Routing and security came from the same single-vendor environment, and consolidating onto a single peripheral device per site is where much of the cost saving came from: fewer boxes to buy, power and maintain, and one supplier to deal with instead of several. The commercial aim was the least spend for the coverage, which for a business running 90+ sites and opening new project locations matters as much as the protection itself. Cost that scales cleanly with sites is easier to live with than large per-site hardware outlays.

What changed

All 90+ locations were brought under one centrally managed, secure setup. The engagement was a two-year deal worth INR 19 million, won on the combination of least spend and easy manageability.

The fragmented, non-centralized management the team had been living with was replaced by a single-pane console covering the whole estate.
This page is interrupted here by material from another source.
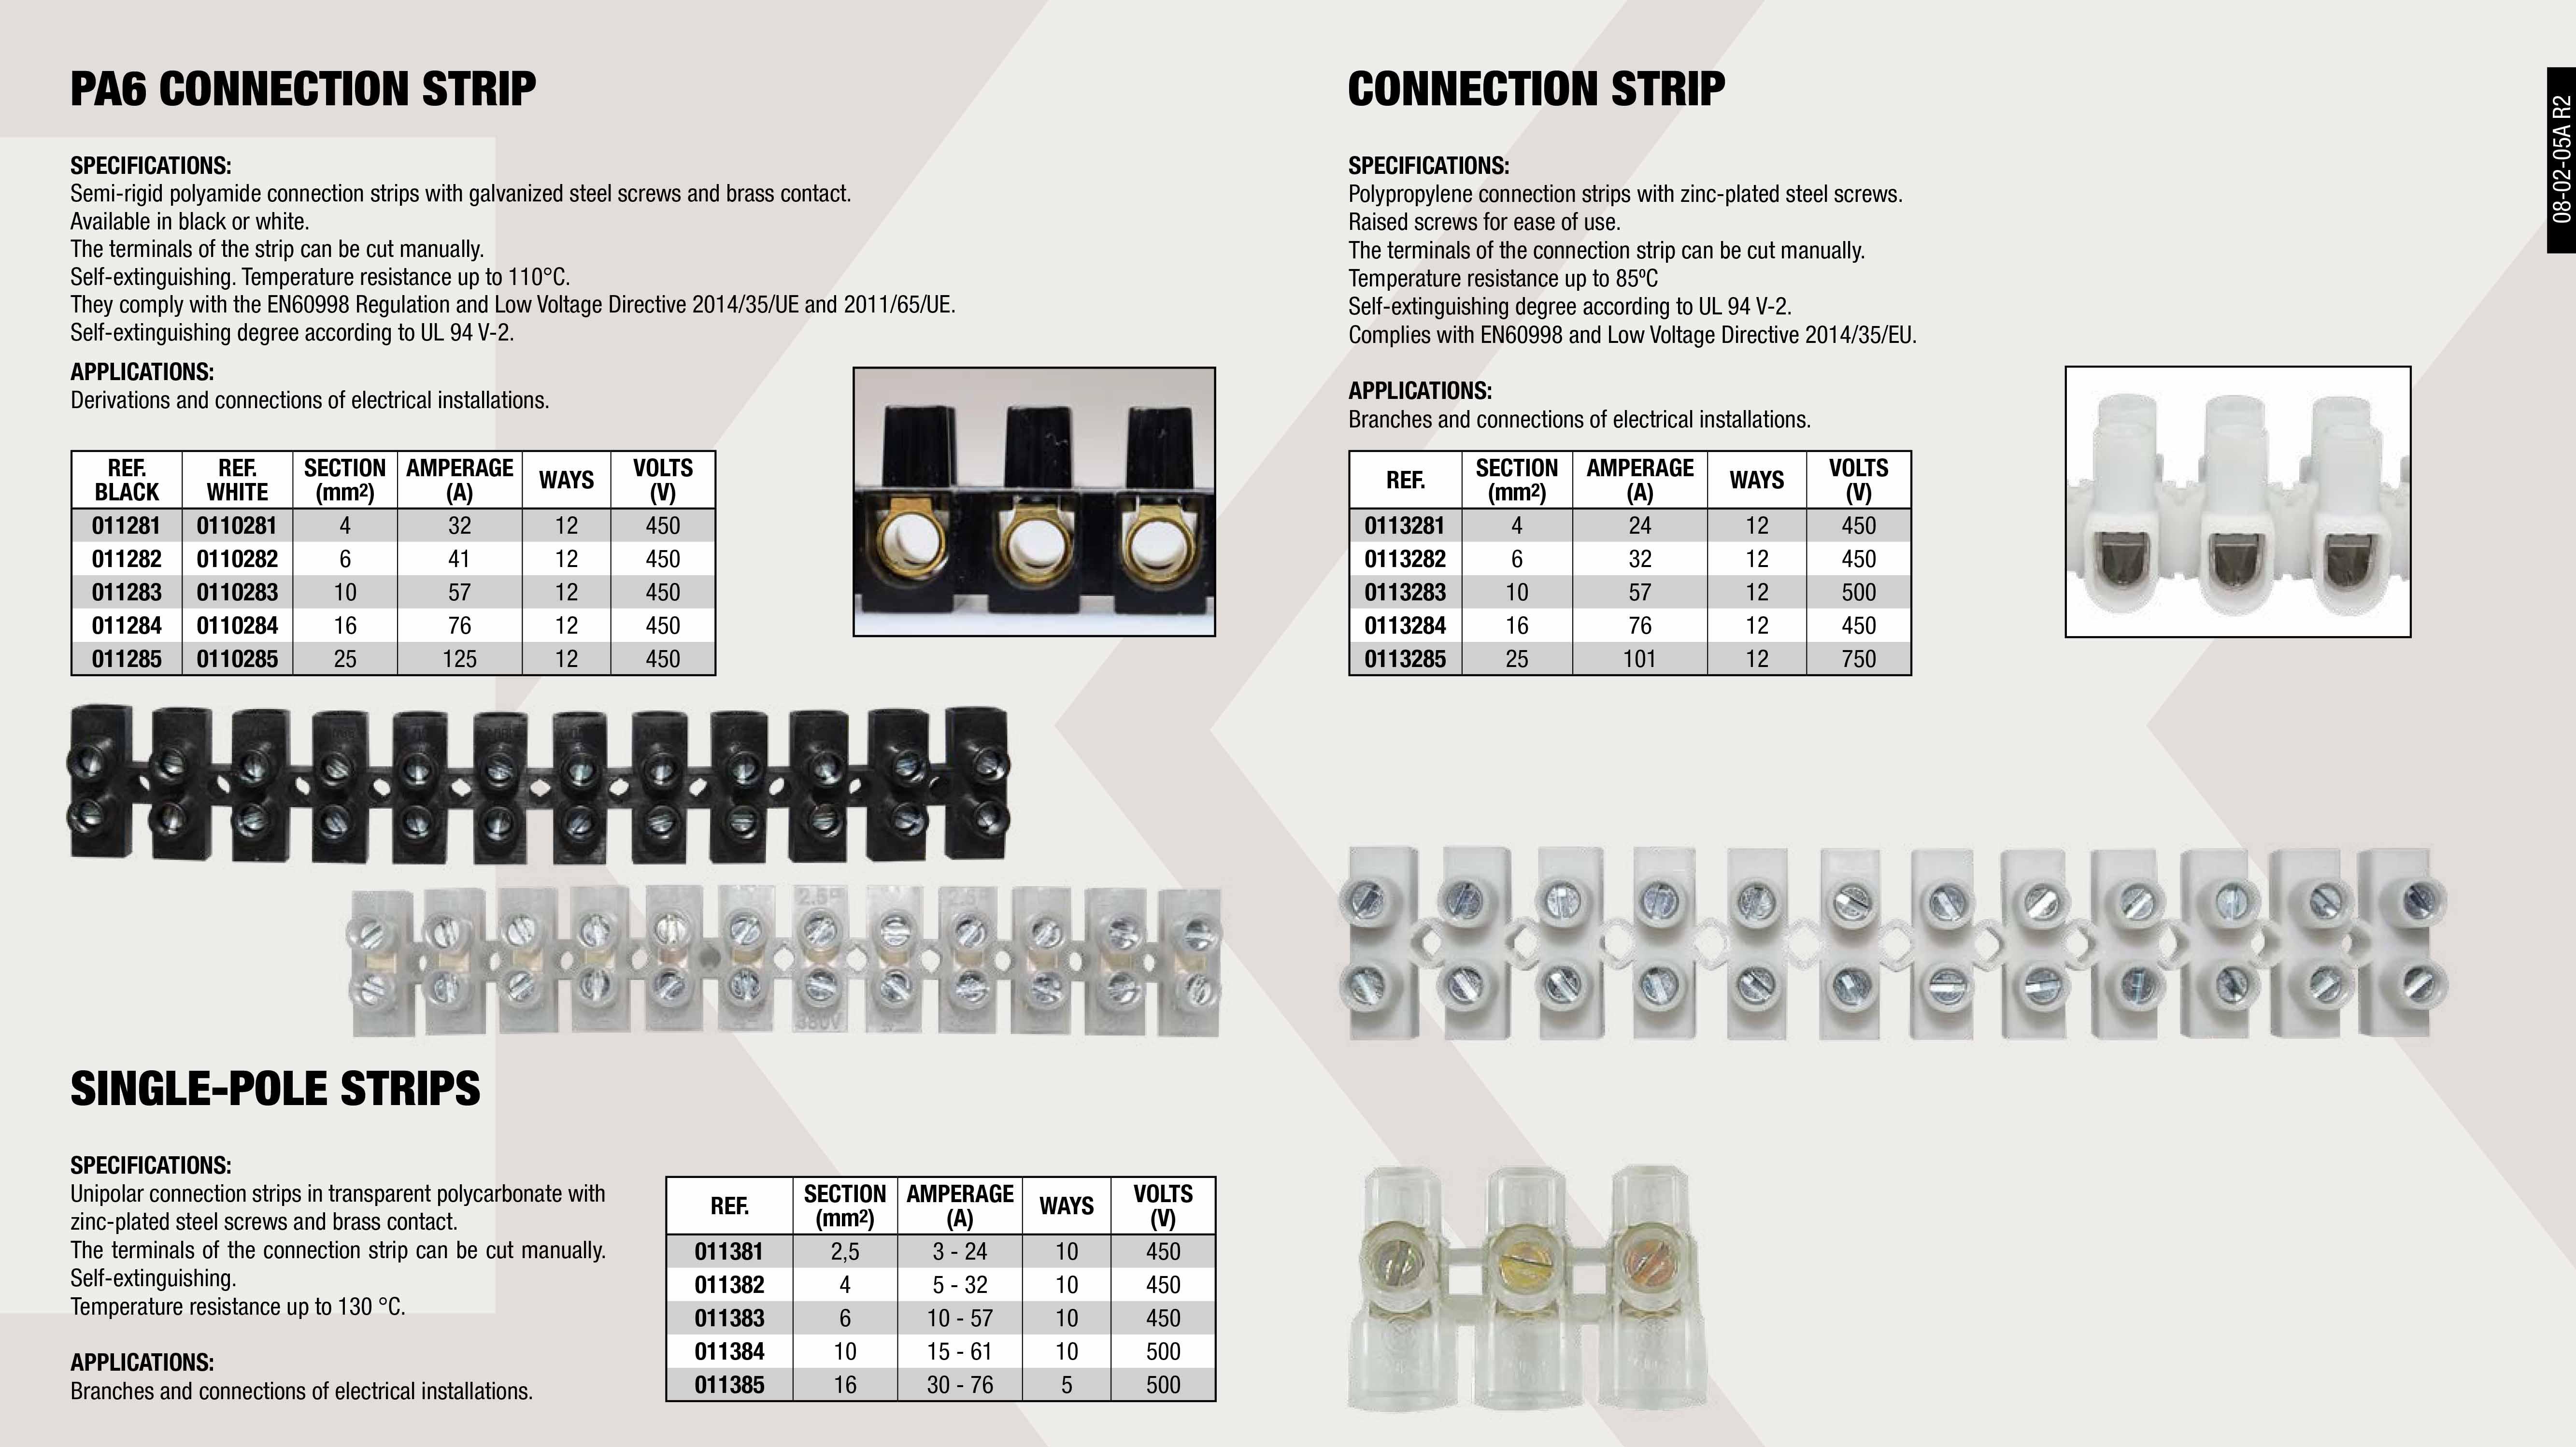 12 CONNECTIONS                                              ,  UNIPOLAR TERMINAL BLOCK 6MM 10 CONNECTIONS                  ,  UNIPOLAR TERMINAL BLOCK 16MM 5 CONNECTIONS                  ,  TERMINAL STRIP NATURAL 25MM 12 CONNECTIONS                  ,  TERMINAL STRIP BLACK 10MM 12 CONNECTIONS                    ,  UNIPOLAR TERMINAL BLOCK 4MM 10 CONNECTIONS                  ,  TERMINAL 16MM 10 CONNECTIONS                                ,  UNIPOLAR TERMINAL BLOCK 2.5MM 10 CONNECTIONS                ,  TERMINAL 6MM 10 CONNECTIONS                                 ,  TERMINAL 70MM 1 CONNECTION                                  ,  TERMINAL STRIP BLACK 6MM 12 CONNECTIONS                     ,  TERMINAL STRIP NATURAL 4MM 12 CONNECTIONS                   ,  TERMINAL 50MM 1 CONNECTION                                  ,  TERMINAL 35MM 10 CONNECTIONS                                ,  TERMINAL STRIP BLACK 4MM 12 CONNECTIONS                     ,  TERMINAL STRIP BLACK 16MM 12 CONNECTIONS                    ,  TERMINAL STRIP NATURAL 16MM 12 CONNECTIONS                  ,  UNIPOLAR TERMINAL BLOCK 10MM 10 CONNECTIONS                 ,  TERMINAL 25MM 10 CONNECTIONS                                ,  TERMINAL STRIP BLACK 25MM 12 CONNECTIONS                    ,  TERMINAL STRIP NATURAL 6MM 12 CONNECTIONS                   ,  TERMINAL 10MM 10 CONNECTIONS                                ,

The edge that used to be handled by routers now runs a managed firewall with a full UTM stack, and the cloud and internal connectivity runs over dual-path IPSec tunnels to Azure and internal sites, hardened as part of the service.

Outcome Detail
Coverage 90+ plants and project sites brought under centralized secure connectivity and policy management
Management One single-pane console in place of fragmented, non-centralized IT management
Connectivity Dual-path IPSec tunnels to Azure cloud and internal sites, hardened with a full UTM stack
Threat protection Managed firewall running IDS/IPS, anti-spam, URL filtering, sandboxing and application control, covering zero-day network threats
Operations Fully managed service with best-in-class SLA and uptime, plus 24×7 mail and phone support
Commercial Two-year deal worth INR 19 million, won on least spend and easy manageability

For the IT team, the practical change was that the work of keeping 90+ firewalls configured, current and watched moved to Airtel. What they kept was visibility across the estate and one point of contact. The wider gains were:

  • 90+ locations under centralized secure connectivity and policy management
  • One single-pane console in place of fragmented, non-centralized IT management
  • Dual-path IPSec tunnels to Azure cloud and internal sites, hardened with a full UTM stack
  • A fully managed system with best-in-class SLA and uptime, plus 24×7 mail and phone support
  • Cost savings from a single-vendor, single-device setup at each site

Why it matters

For a manufacturer running plants and project sites across the country with a small IT team, the win is not any single security feature. It is that strong, consistent firewalling became something the business could actually operate at 90+ sites without growing the team to match. Handing configuration, hardening, monitoring and management to a managed service turned a job that scales badly with a lean team into one that scales with sites. When a new project location comes online, the same managed firewall standard goes with it. That is the part that holds up as the footprint keeps changing.